BEGIN INFORMATION SHOWN

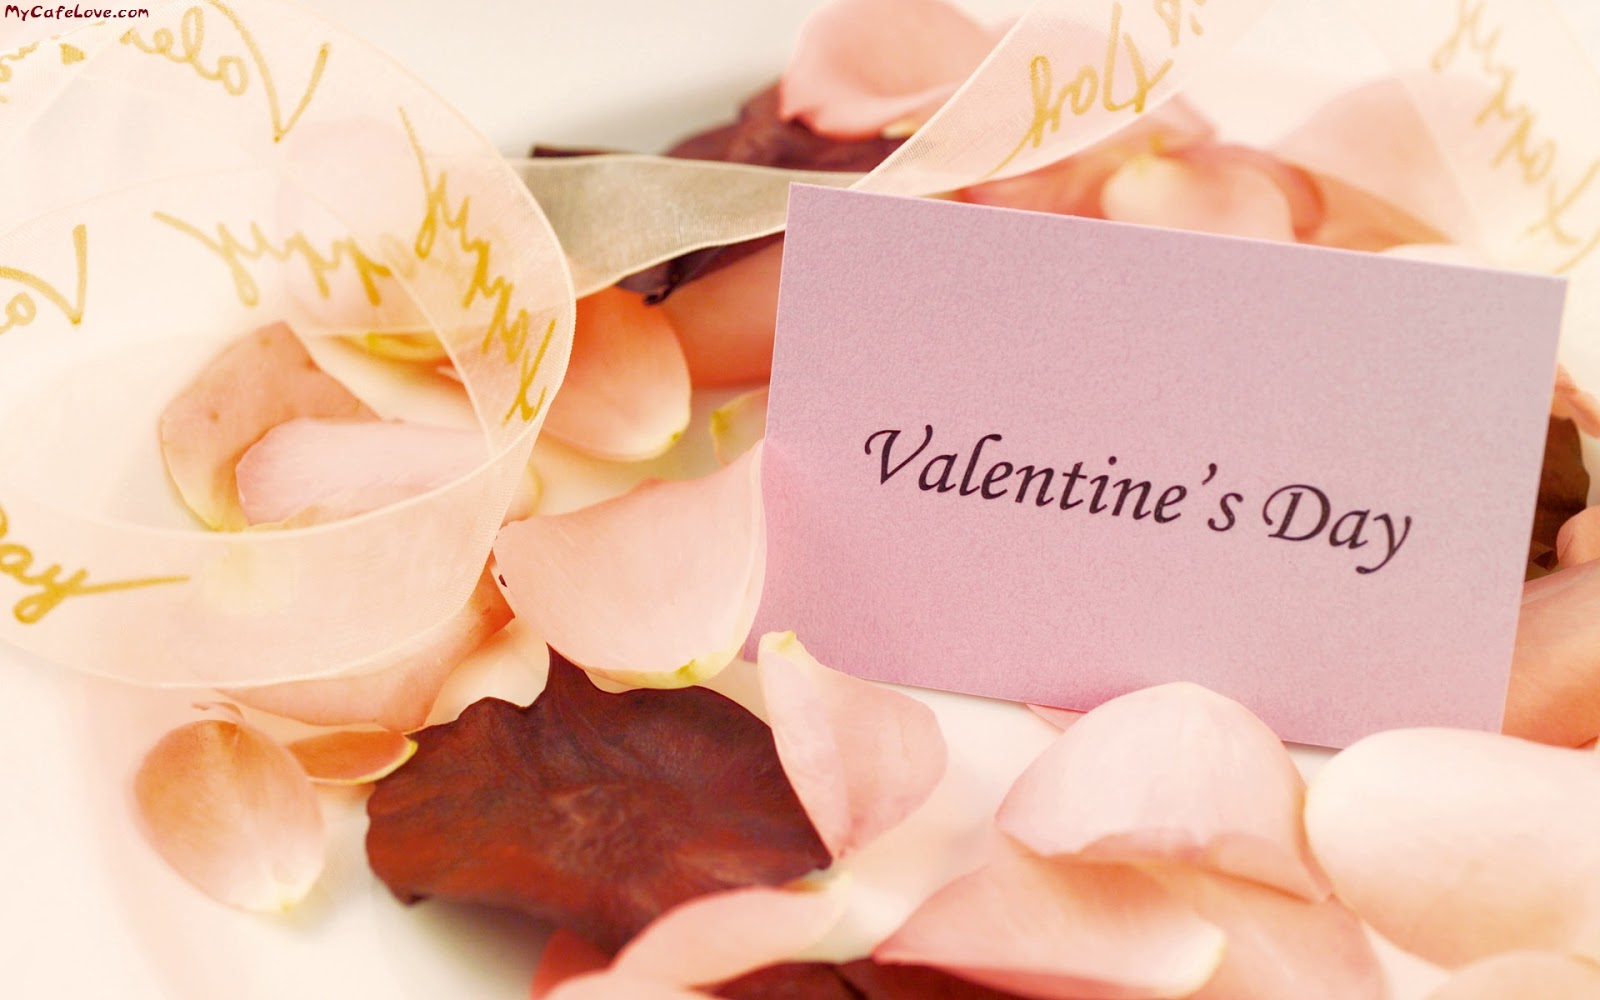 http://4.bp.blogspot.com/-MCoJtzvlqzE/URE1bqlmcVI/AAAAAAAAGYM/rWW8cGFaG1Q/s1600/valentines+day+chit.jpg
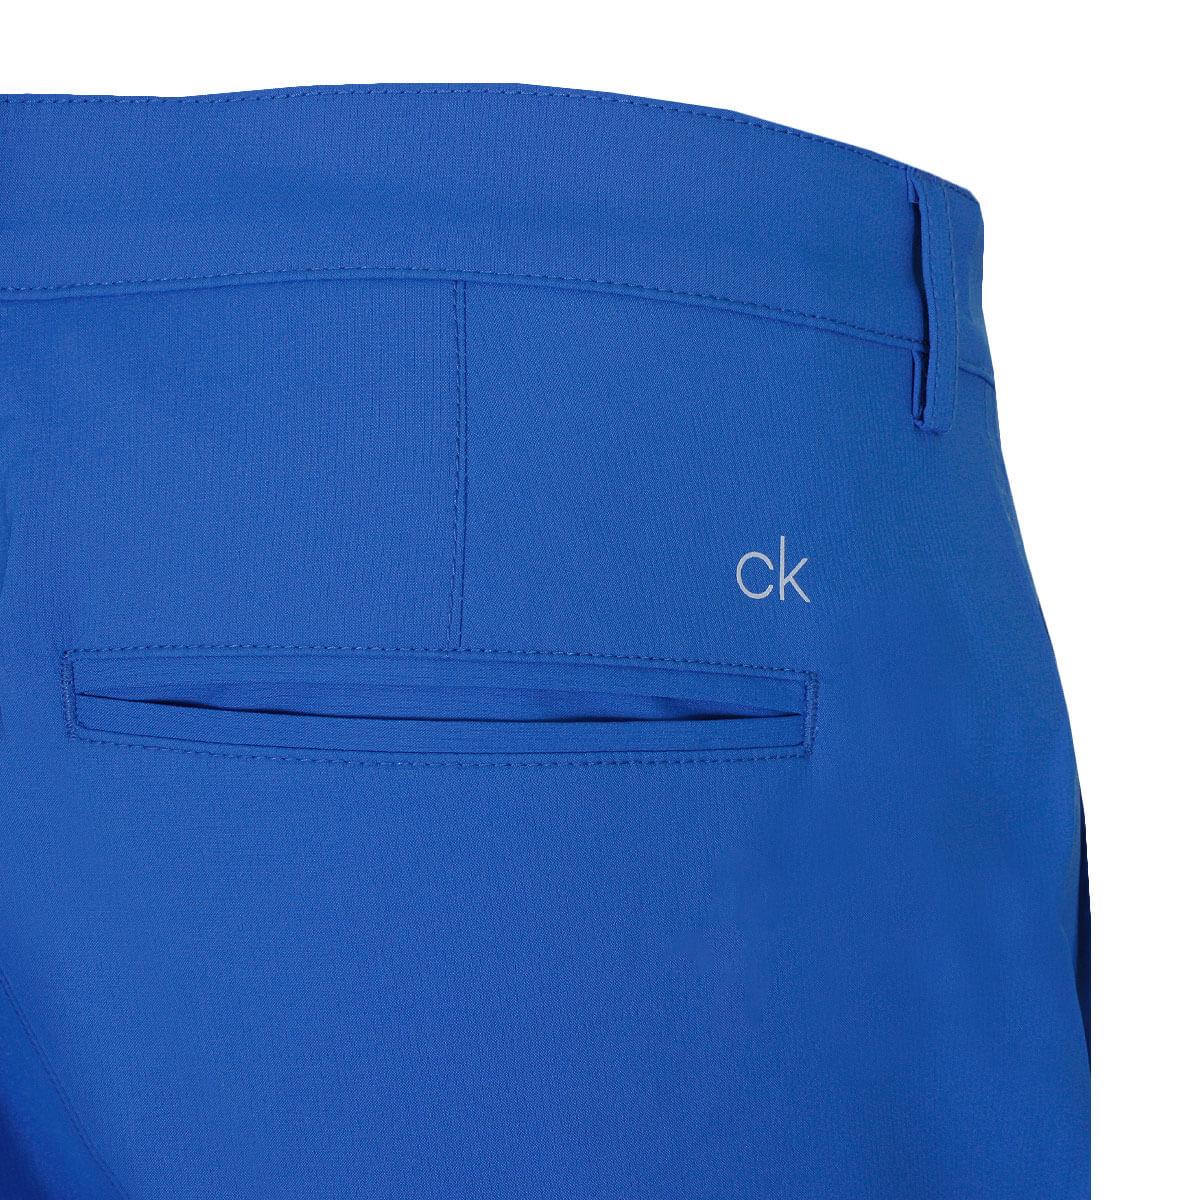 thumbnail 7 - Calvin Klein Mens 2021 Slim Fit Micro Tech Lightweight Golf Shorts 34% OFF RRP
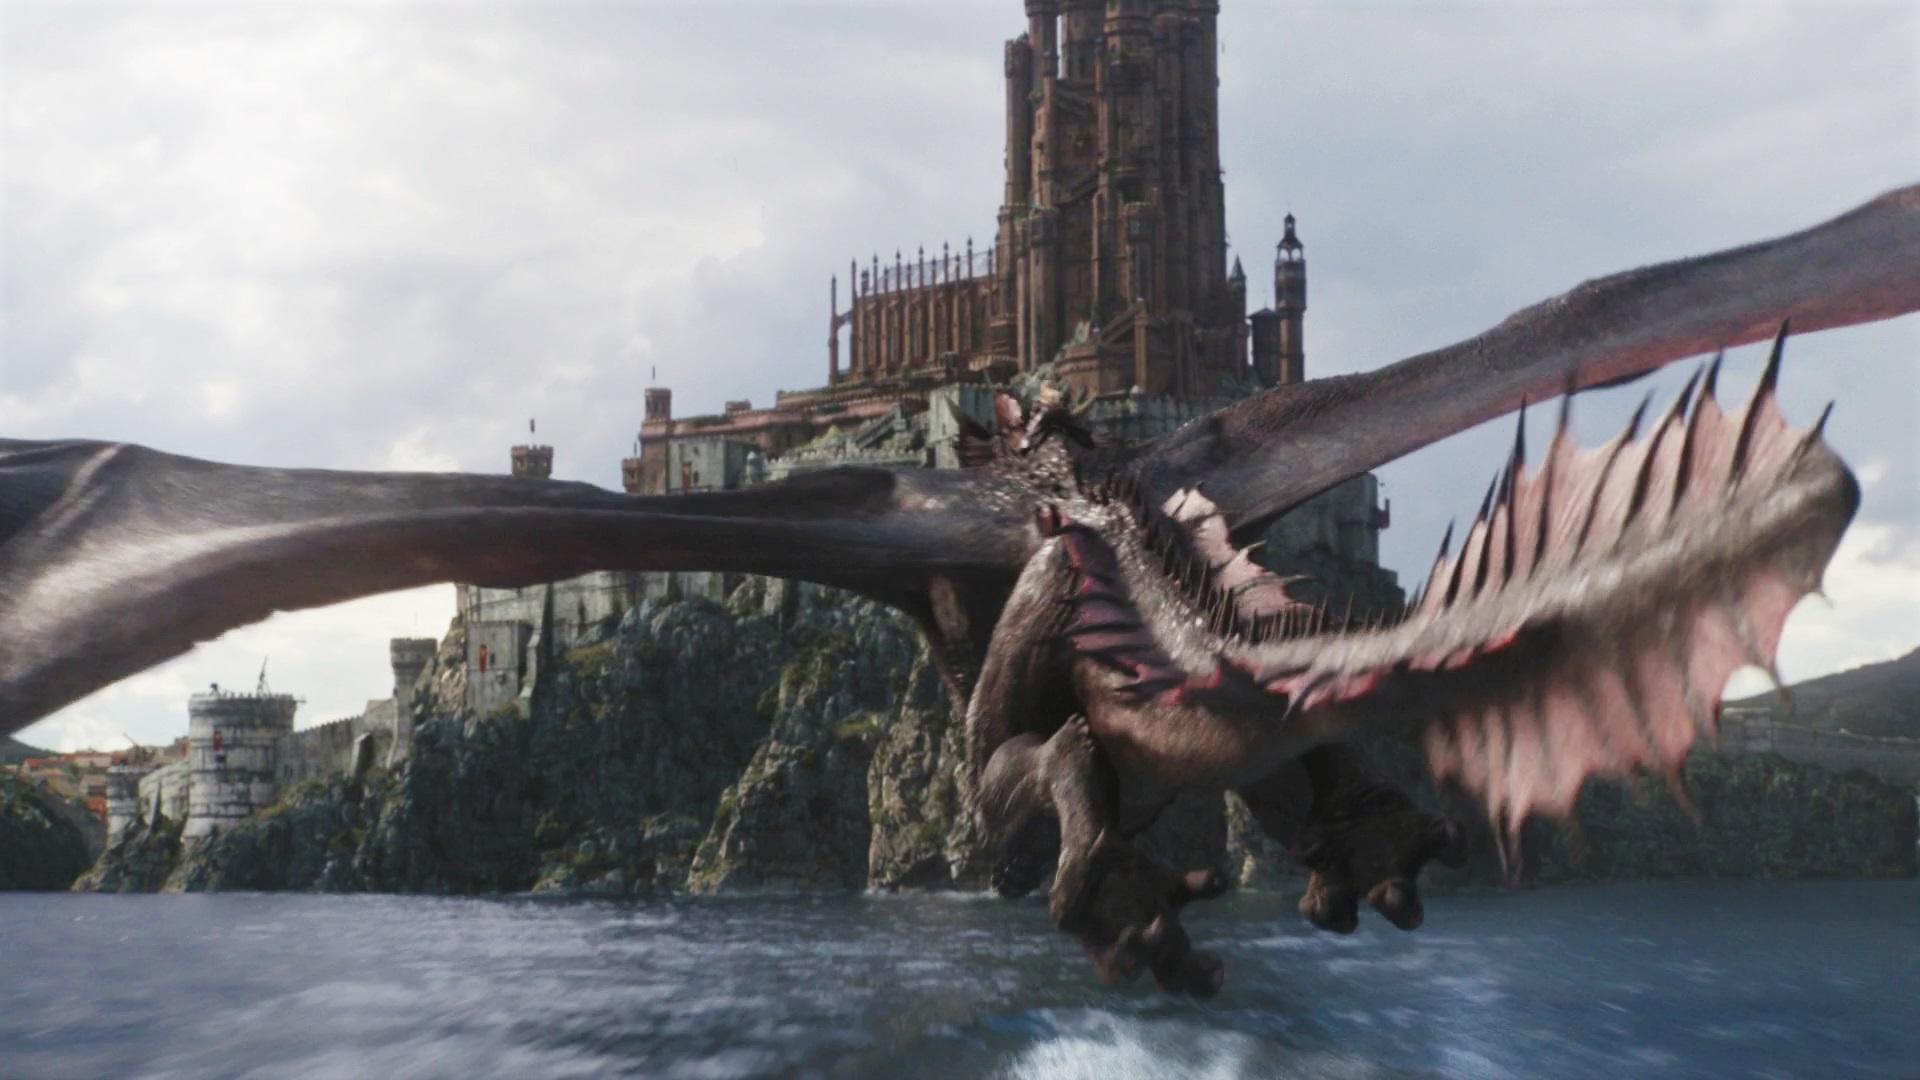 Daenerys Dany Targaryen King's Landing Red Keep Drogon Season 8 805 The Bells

END INFORMATION SHOWN

TASK TO CARRY OUT: Only the pictures are dropped when you print the material; everything else is copied exactly.

SOLUTION:
 http://4.bp.blogspot.com/-MCoJtzvlqzE/URE1bqlmcVI/AAAAAAAAGYM/rWW8cGFaG1Q/s1600/valentines+day+chit.jpg
 thumbnail 7 - Calvin Klein Mens 2021 Slim Fit Micro Tech Lightweight Golf Shorts 34% OFF RRP
 Daenerys Dany Targaryen King's Landing Red Keep Drogon Season 8 805 The Bells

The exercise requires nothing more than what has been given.